◆ **Try it**:
One part of the entries below is wanted: the lines from the one containing "PRESSR: Ebarza forms" through the one containing "Cover of the". Write those out exactly and nothing else.

◆ **Supplied data**:
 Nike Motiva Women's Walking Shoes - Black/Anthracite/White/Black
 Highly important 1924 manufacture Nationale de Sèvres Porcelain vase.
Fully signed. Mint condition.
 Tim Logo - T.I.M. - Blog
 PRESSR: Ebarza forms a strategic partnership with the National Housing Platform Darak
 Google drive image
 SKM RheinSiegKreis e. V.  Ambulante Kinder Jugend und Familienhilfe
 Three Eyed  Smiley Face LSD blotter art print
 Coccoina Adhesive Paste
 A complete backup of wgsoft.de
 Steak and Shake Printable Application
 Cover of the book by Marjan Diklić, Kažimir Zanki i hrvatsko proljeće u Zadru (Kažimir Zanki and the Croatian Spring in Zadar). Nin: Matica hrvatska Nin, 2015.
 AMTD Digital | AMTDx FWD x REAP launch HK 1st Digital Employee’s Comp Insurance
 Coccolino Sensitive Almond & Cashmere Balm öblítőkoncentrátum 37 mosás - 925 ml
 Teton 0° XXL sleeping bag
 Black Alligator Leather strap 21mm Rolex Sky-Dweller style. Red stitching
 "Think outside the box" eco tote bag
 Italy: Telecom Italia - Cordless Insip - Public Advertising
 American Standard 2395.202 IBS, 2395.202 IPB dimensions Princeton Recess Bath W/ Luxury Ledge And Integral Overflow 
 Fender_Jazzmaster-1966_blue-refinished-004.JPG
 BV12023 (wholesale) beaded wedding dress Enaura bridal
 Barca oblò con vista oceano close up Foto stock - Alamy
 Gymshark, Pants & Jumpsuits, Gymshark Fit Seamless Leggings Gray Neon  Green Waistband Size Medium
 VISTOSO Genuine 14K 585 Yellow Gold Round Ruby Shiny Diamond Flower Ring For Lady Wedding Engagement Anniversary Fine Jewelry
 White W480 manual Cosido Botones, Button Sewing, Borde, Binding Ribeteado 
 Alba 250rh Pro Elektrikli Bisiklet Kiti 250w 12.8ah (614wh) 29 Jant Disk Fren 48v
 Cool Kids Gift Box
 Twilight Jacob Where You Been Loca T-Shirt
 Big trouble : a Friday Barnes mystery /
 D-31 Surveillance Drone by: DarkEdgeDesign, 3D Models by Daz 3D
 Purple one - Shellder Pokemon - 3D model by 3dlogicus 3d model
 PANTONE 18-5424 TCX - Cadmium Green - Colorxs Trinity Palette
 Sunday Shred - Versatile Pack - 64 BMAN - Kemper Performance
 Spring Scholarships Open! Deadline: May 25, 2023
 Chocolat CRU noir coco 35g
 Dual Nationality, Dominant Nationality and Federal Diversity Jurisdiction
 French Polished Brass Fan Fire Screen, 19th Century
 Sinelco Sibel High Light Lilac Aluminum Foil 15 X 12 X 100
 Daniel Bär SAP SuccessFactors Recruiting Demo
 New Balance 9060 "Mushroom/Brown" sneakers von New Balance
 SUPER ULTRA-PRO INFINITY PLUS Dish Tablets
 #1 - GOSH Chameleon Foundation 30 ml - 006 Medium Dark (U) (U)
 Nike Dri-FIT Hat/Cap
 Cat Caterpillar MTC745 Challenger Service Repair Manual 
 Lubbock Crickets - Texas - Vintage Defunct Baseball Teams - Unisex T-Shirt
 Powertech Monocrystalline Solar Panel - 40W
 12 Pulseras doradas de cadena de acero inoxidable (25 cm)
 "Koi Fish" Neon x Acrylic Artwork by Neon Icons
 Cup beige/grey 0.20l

◆ **Task result**:
 PRESSR: Ebarza forms a strategic partnership with the National Housing Platform Darak
 Google drive image
 SKM RheinSiegKreis e. V.  Ambulante Kinder Jugend und Familienhilfe
 Three Eyed  Smiley Face LSD blotter art print
 Coccoina Adhesive Paste
 A complete backup of wgsoft.de
 Steak and Shake Printable Application
 Cover of the book by Marjan Diklić, Kažimir Zanki i hrvatsko proljeće u Zadru (Kažimir Zanki and the Croatian Spring in Zadar). Nin: Matica hrvatska Nin, 2015.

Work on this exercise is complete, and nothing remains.